DESCRIPTION OF THE TASK :: Omitting all images, transcribe the listing word for word.

SUPPLIED MATERIAL ::
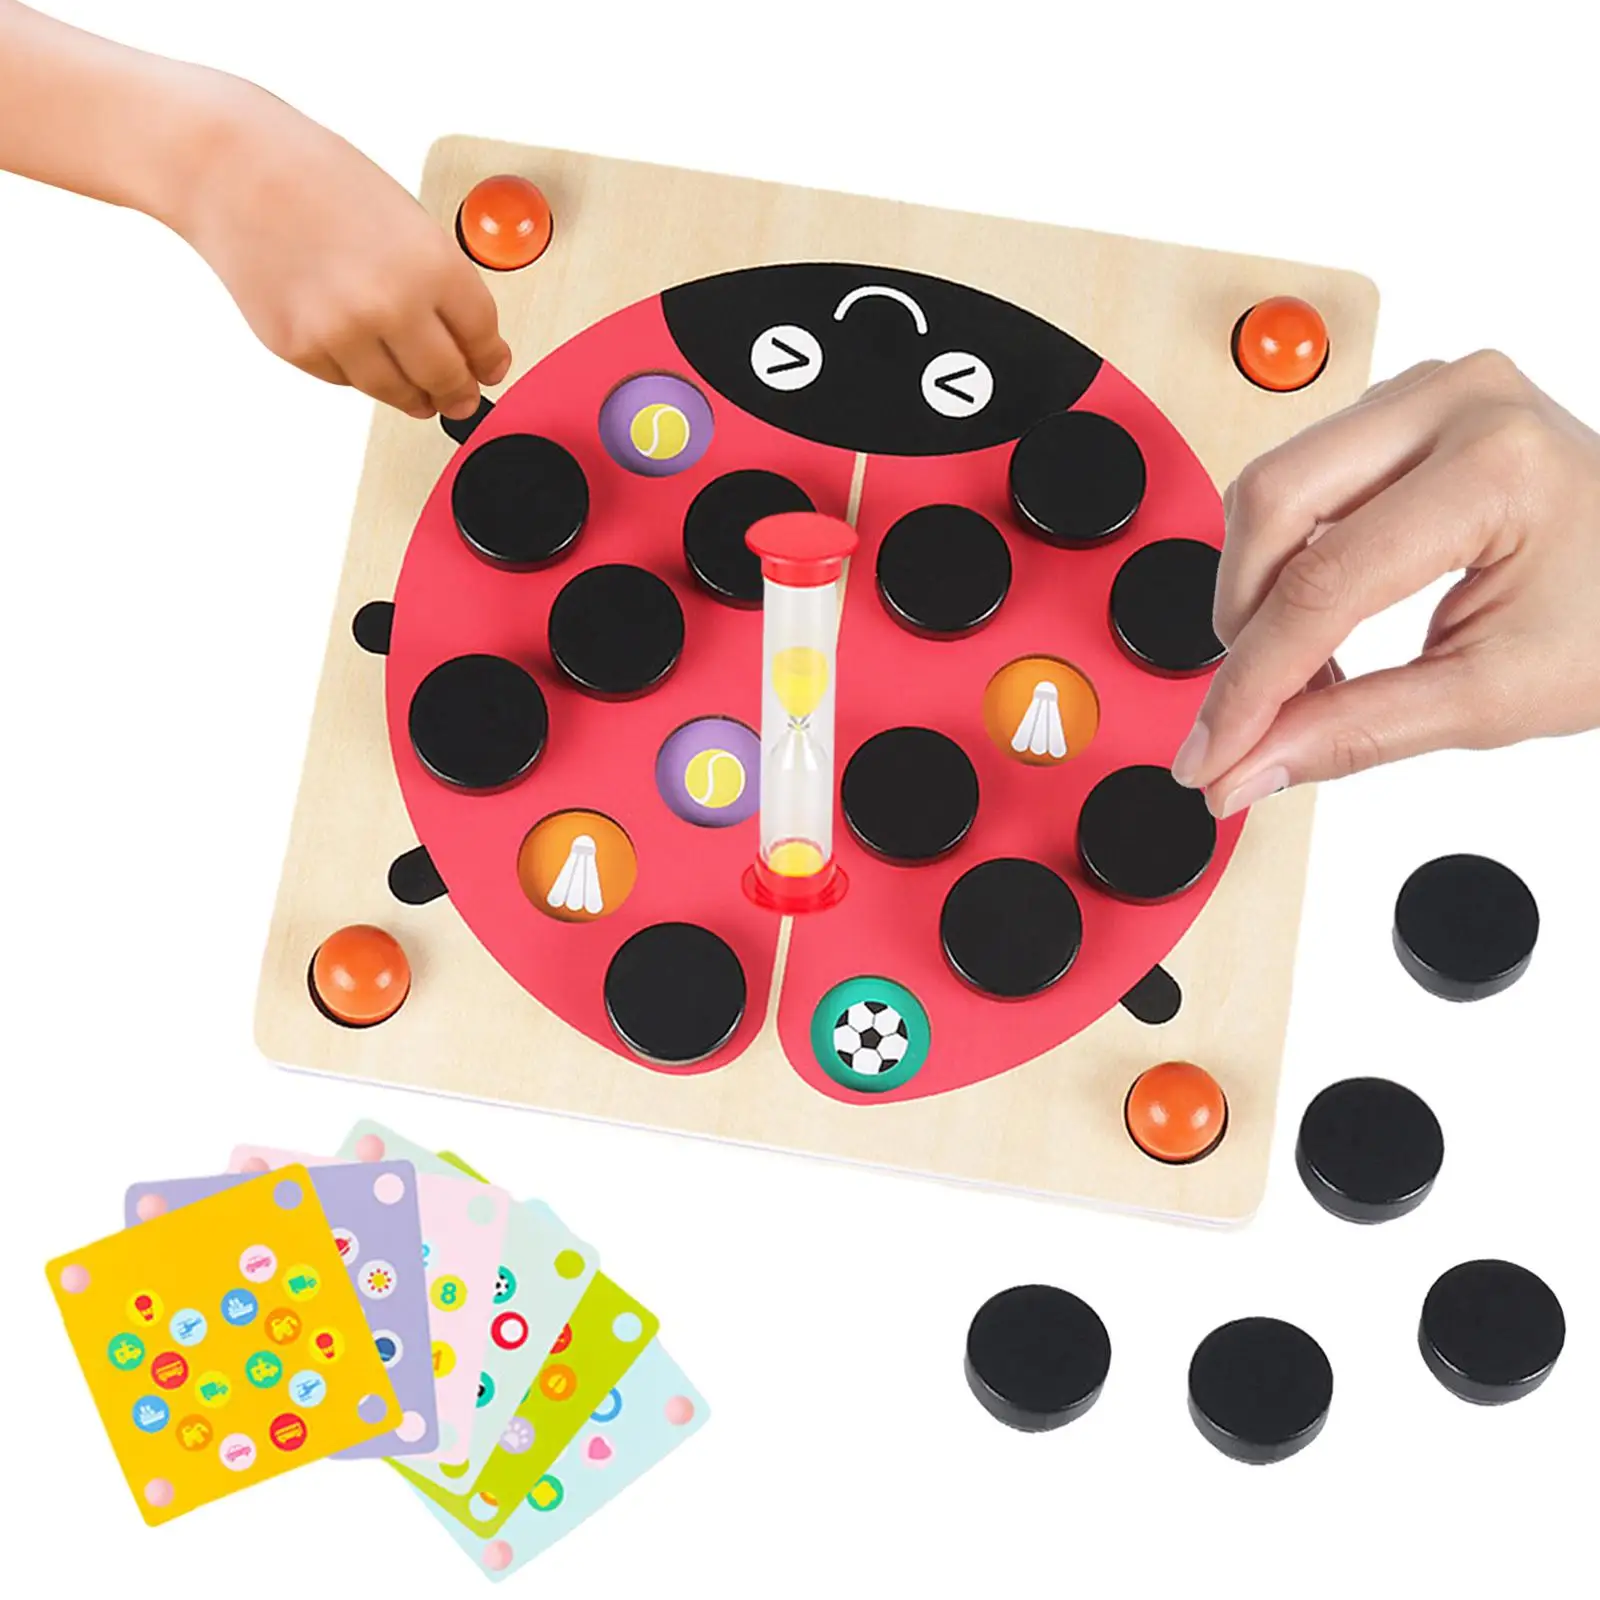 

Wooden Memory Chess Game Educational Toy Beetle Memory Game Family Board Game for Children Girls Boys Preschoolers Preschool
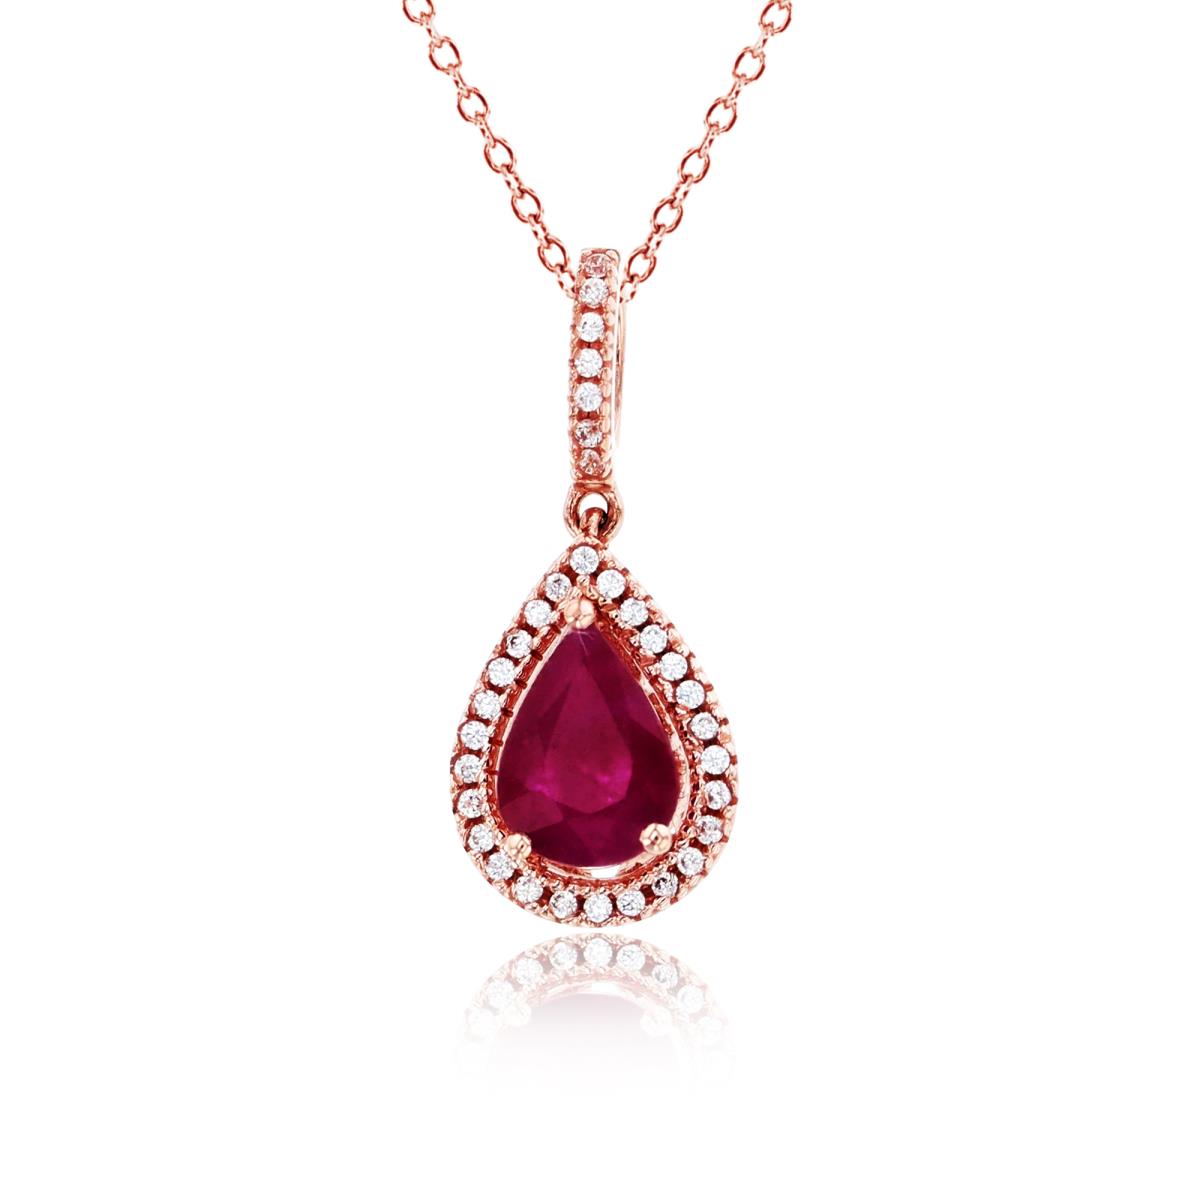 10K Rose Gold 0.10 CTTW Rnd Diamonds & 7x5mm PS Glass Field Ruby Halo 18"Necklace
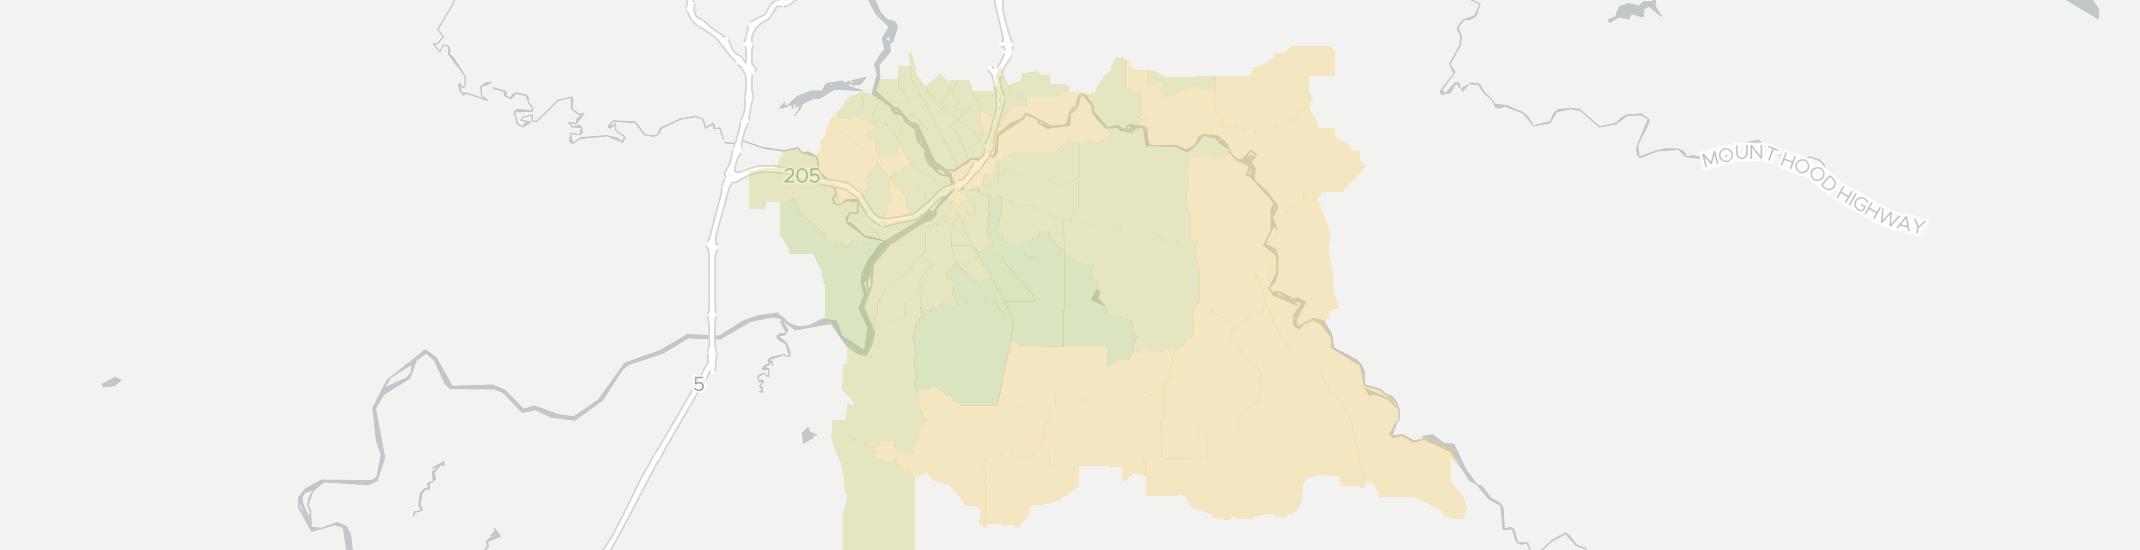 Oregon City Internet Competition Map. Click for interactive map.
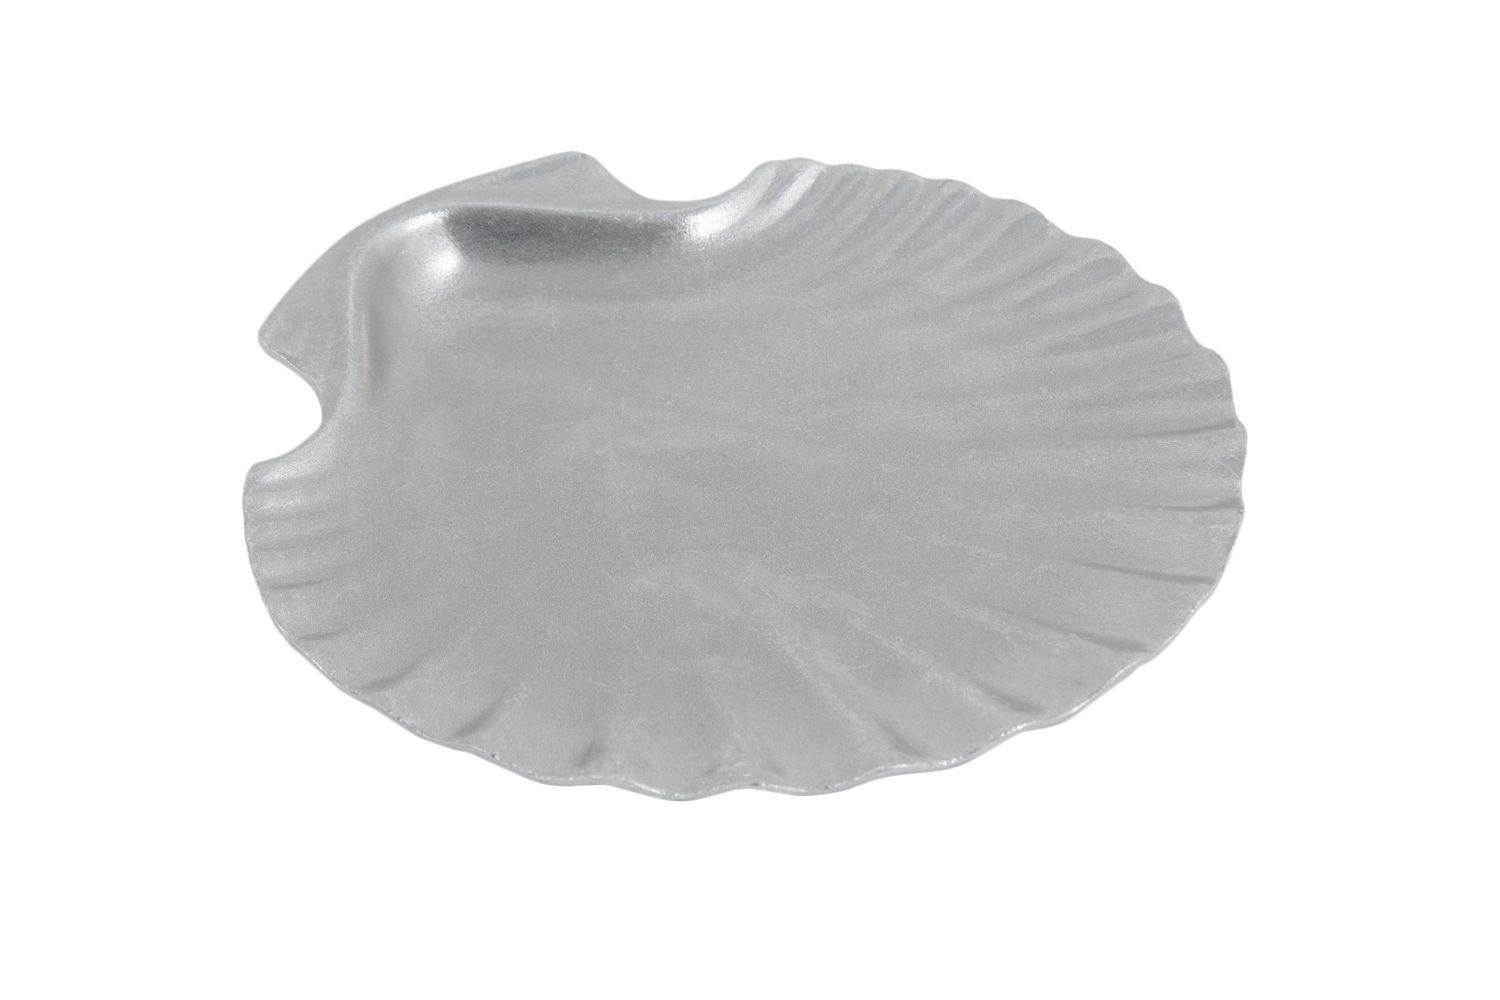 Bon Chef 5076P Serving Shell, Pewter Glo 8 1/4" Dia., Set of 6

RESPONSE FOR THIS EXERCISE ::
Wooden Memory Chess Game Educational Toy Beetle Memory Game Family Board Game for Children Girls Boys Preschoolers Preschool
 10K Rose Gold 0.10 CTTW Rnd Diamonds & 7x5mm PS Glass Field Ruby Halo 18"Necklace
 Oregon City Internet Competition Map. Click for interactive map.
 Bon Chef 5076P Serving Shell, Pewter Glo 8 1/4" Dia., Set of 6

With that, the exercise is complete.